[ACTION ITEM]
Return the following data exactly, with all pictures left out.

[DATA SECTION]
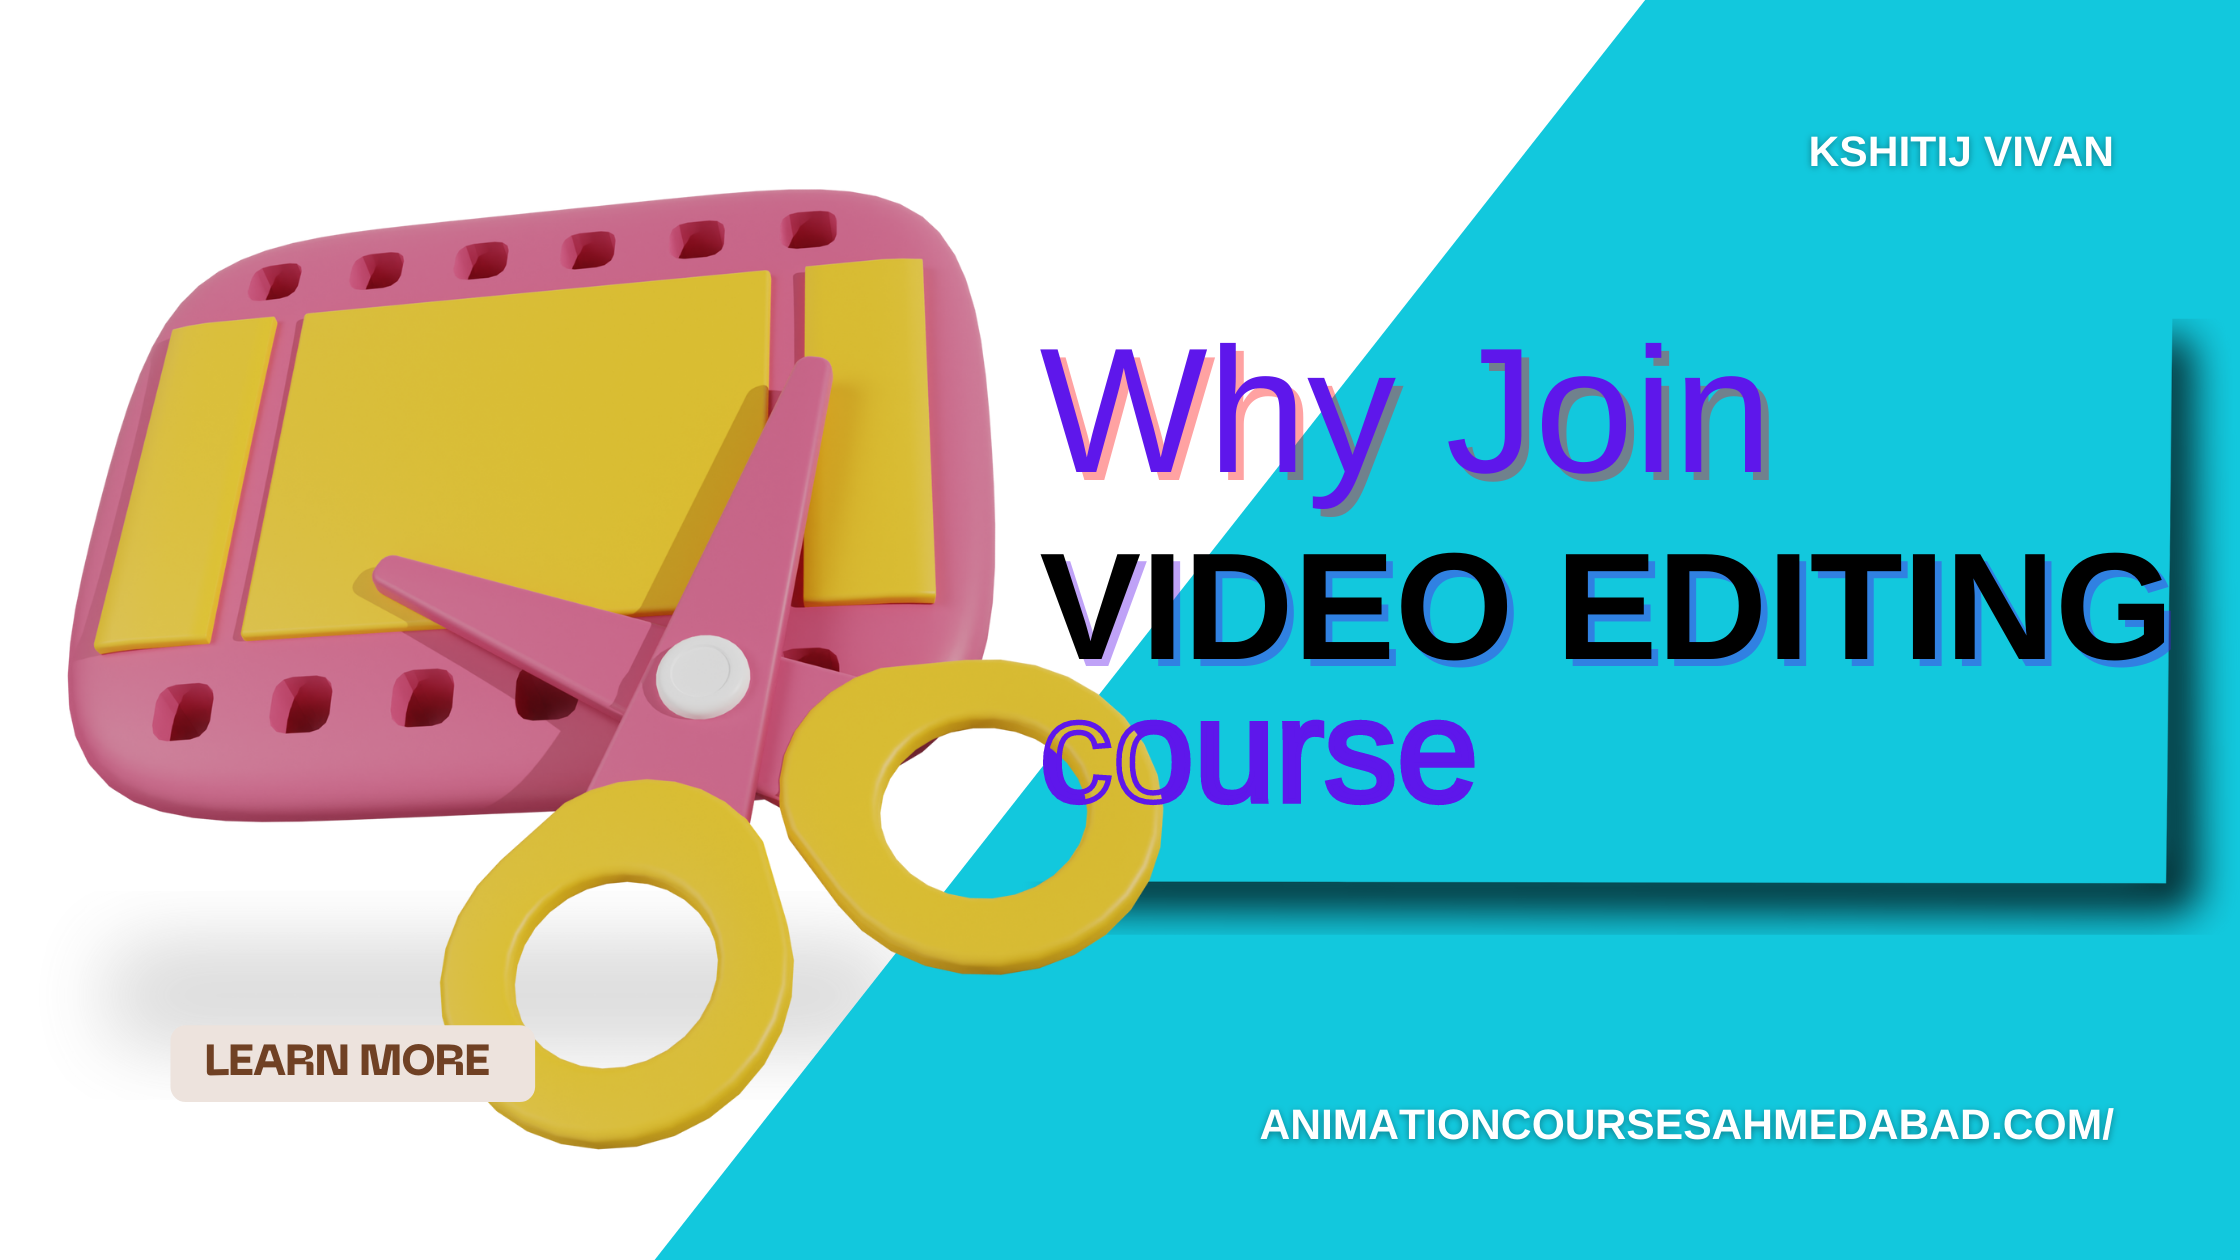 Why You Should Join the Video Editing Course
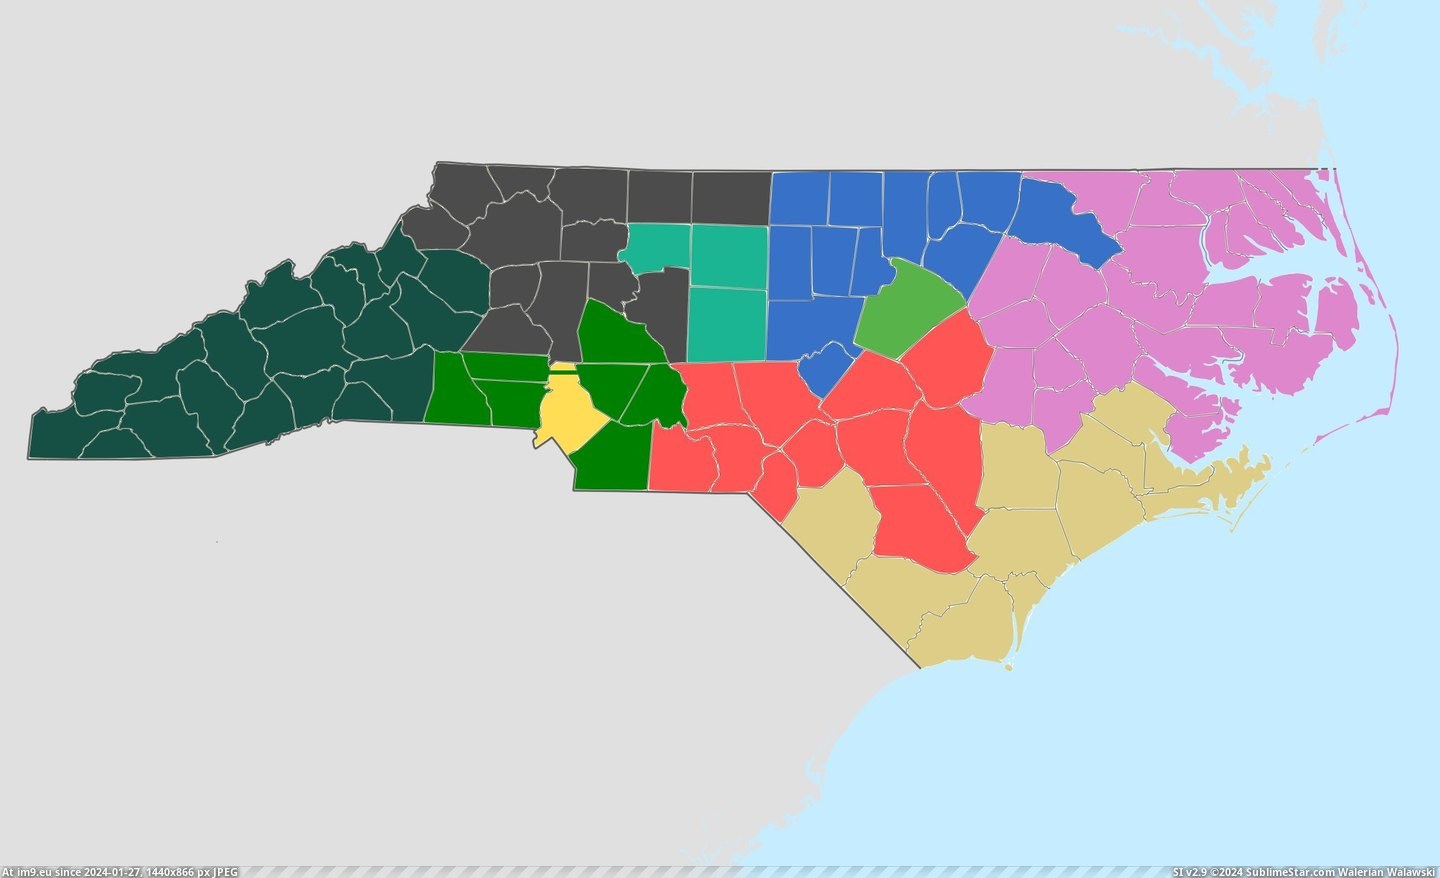 #Map #People #North #Sections #Aprox #Population #Carolina #Split [Mapporn] Map Of North Carolina Split Into 10 Sections with a Population of Aprox. 1,000,000 People Each [2333x1415] [OC] Pic. (Image of album My r/MAPS favs))
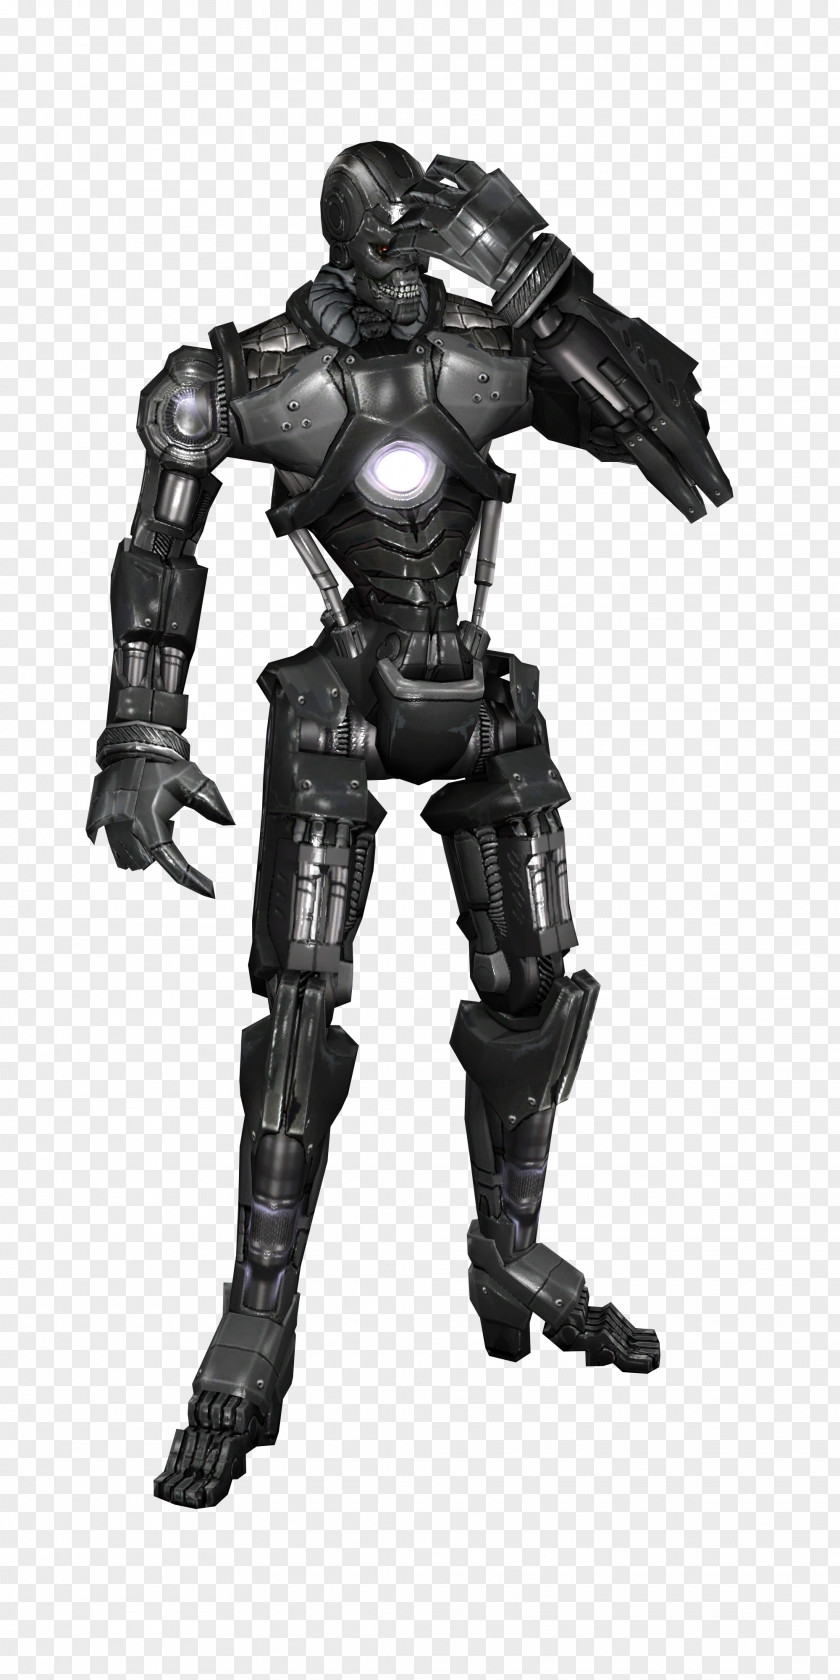 Terminator Real Steel Action & Toy Figures Robot Image PNG

[SOLUTION FOR THIS PROBLEM]
 Why You Should Join the Video Editing Course
 #Map #People #North #Sections #Aprox #Population #Carolina #Split [Mapporn] Map Of North Carolina Split Into 10 Sections with a Population of Aprox. 1,000,000 People Each [2333x1415] [OC] Pic. (Image of album My r/MAPS favs))
 Terminator Real Steel Action & Toy Figures Robot Image PNG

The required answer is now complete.